Any proposed quality improvement initiative can be translated into a defensible business case. However, as presented in the first article in this series (May/June PLJ), the common challenge and limitation are reasonably projecting the financial impact. Linking quality improvement with the anticipated financial impact is the key to making an effective business case. Financial impact can be categorized into three specific types, presented in Table 1.

The three types of financial impact and relevant applications of each are presented here as a guide for monetizing quality toward making an effective business case.

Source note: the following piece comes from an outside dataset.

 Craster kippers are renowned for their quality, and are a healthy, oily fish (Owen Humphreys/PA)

Type 1: Direct Impact (Decrease Expense)

The easiest category of financial impact to measure is Type 1. A Type 1 financial impact has a direct effect of reducing operating expense by cutting the acquisition cost of a supply or service, decreasing the amount of the supply or service used, or some combination of both. It’s important to note that an actual cost reduction can be achieved only when the financial impact from the initiative affects a cost center reflected on the business enterprise’s financial statement, such as the monthly income statement or profit and loss statement.

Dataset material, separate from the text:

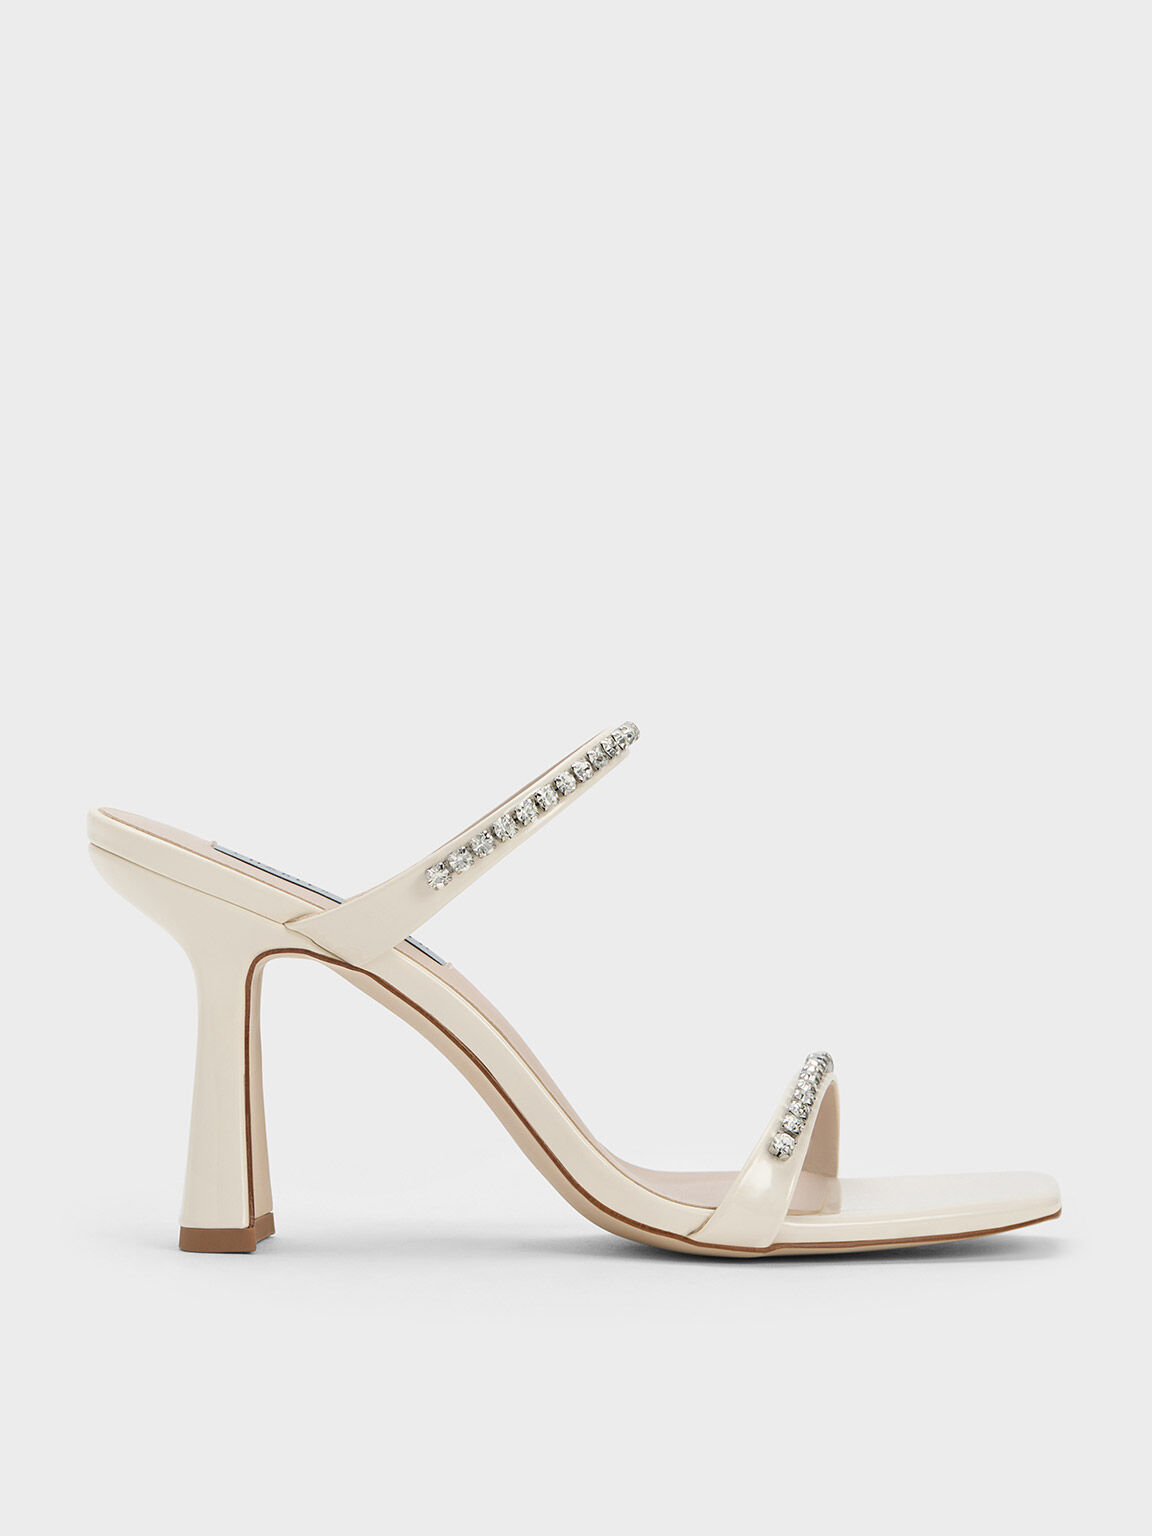 Women's Shoes | Shop Exclusive Styles | CHARLES & KEITH US

For example, hospital leaders want to assess the impact of implementing a hip implant demand matching program. Demand matching is a provider-driven process to determine the most appropriate implant for the specific needs of each patient using an objective clinical algorithm. The total cost of waste is calculated by subtracting the cost of the appropriate low-demand hip from the cost of the unnecessary high-demand hip.

Assuming a 15% reduction in 400 total high-demand hips per year and a $5,000 difference between the cost of a high-demand implant and the cost of a low-demand implant, the 60 fewer high-demand hips from the demand matching program results in $300,000 annual savings. In this example, the total projected financial impact from the demand matching initiative is the same as the current cost of waste, assuming there are no incremental costs required to achieve the planned savings.

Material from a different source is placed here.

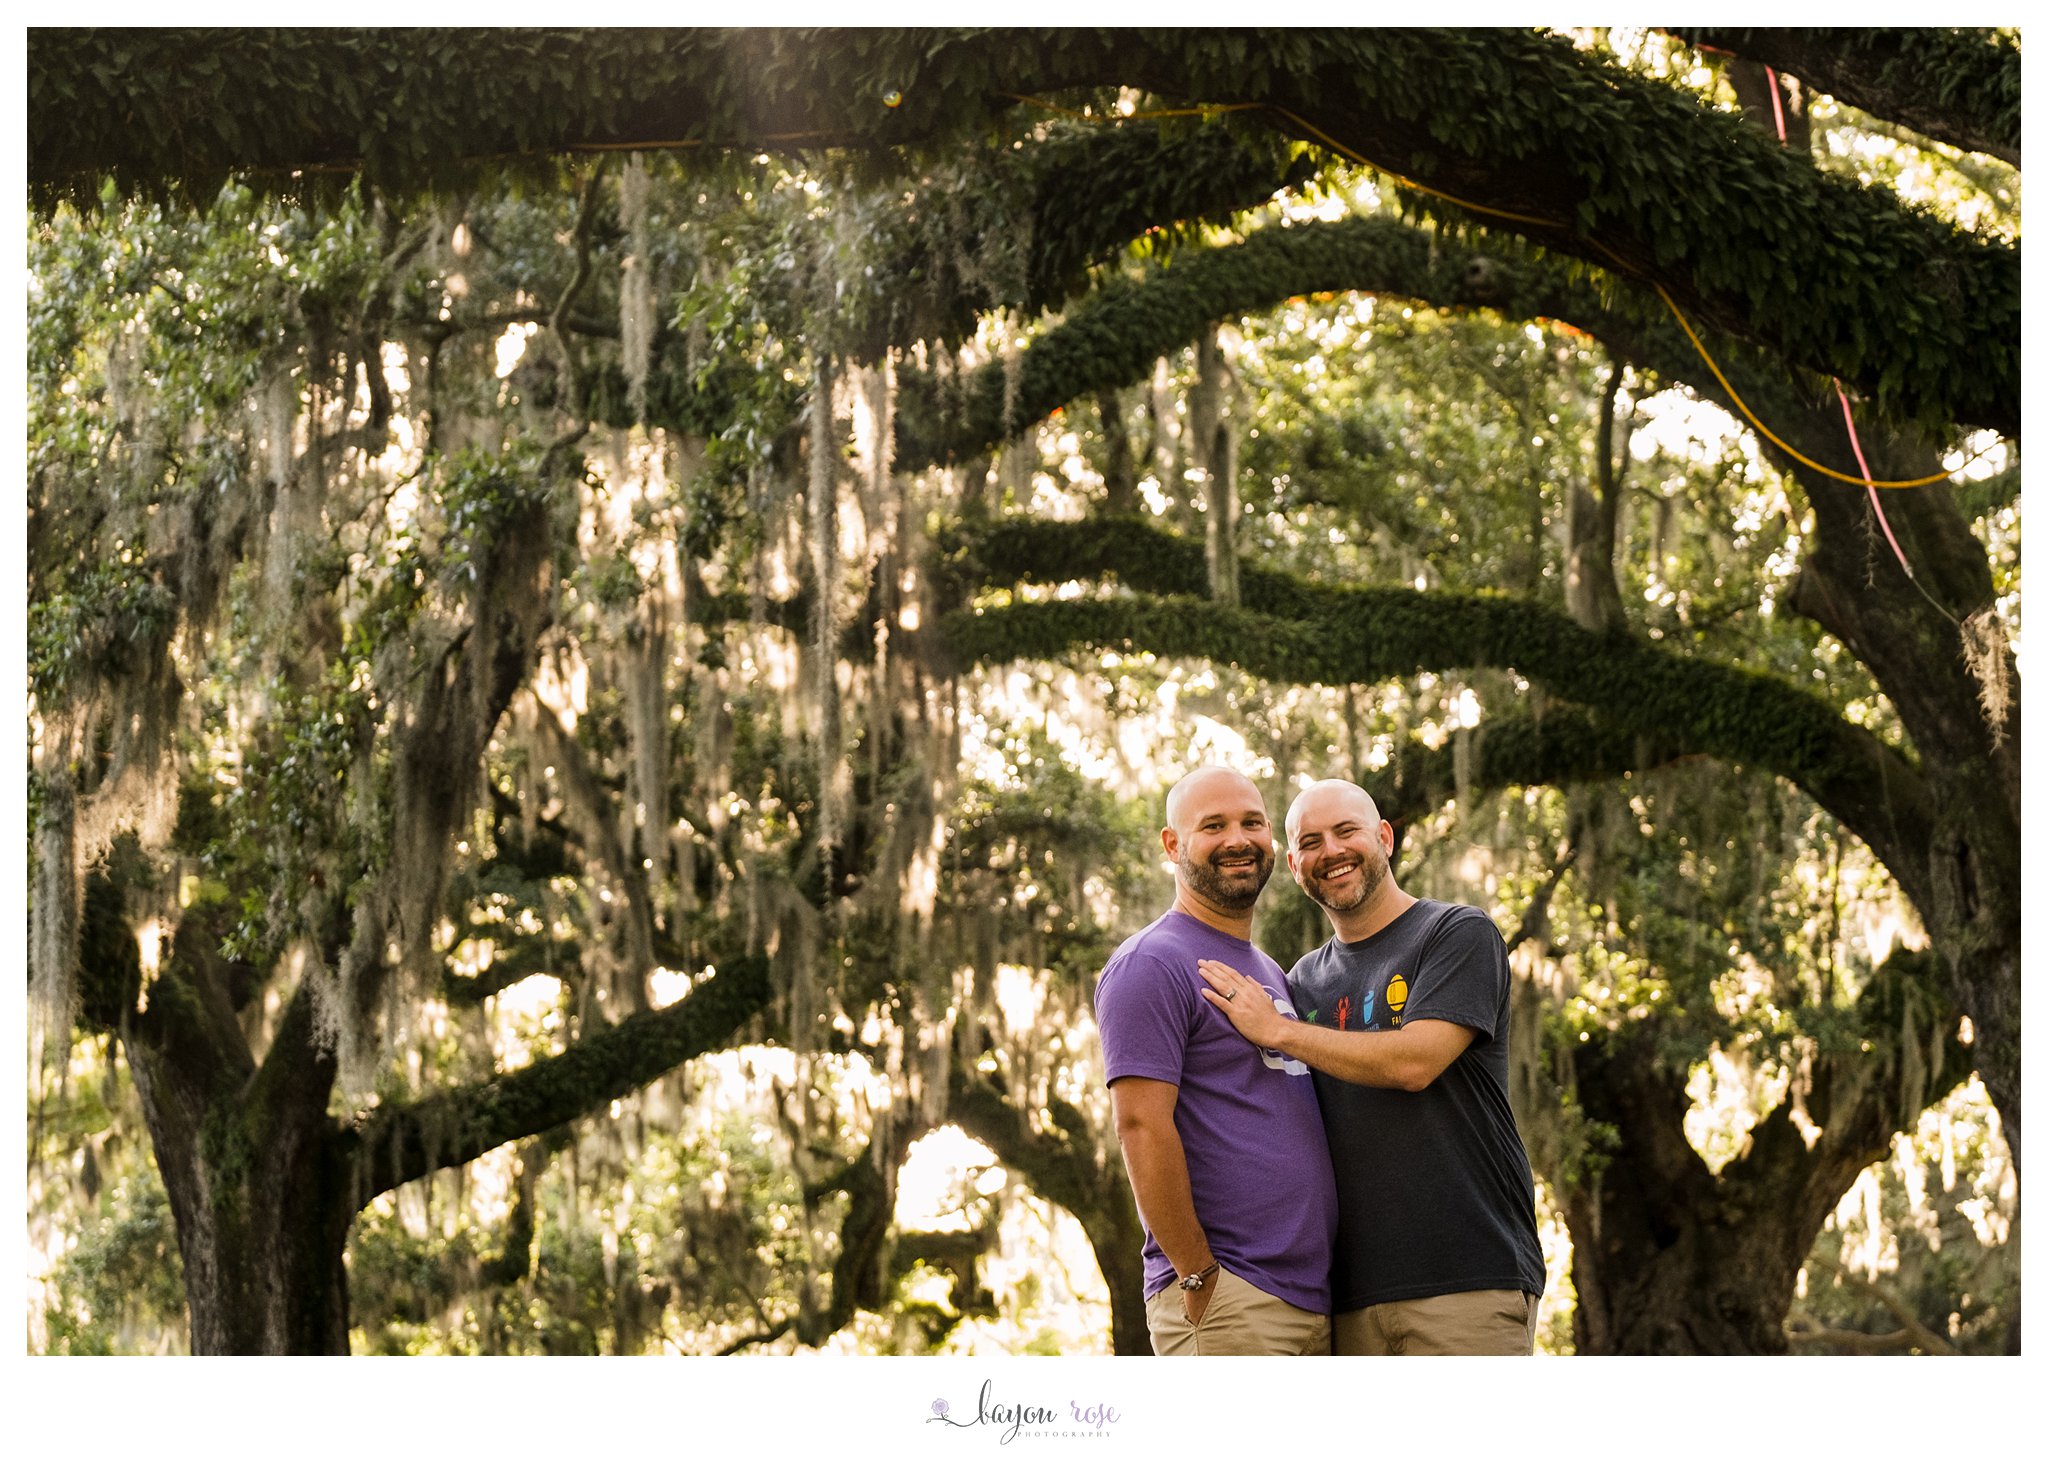 LGBTQ engagement photo under the oaks at City Park New Orleans

Type 2: Indirect Impact (Decrease Expense)

A Type 2 indirect financial impact results from improving throughput cycle time. The cost savings typically occur from extracting unnecessary labor and non-labor expenses from an inefficient process. Like Type 1, a Type 2 financial impact is not achieved until it can be allocated to a specific cost center reflected in a financial statement.

For example, a business enterprise identifies an opportunity to improve “top of license” activities for radiologic technologists by using less-expensive transporters to escort patients to and from the emergency department. Collecting some basic historical data, combined with conducting a patient flow map, can determine the cycle or throughput time.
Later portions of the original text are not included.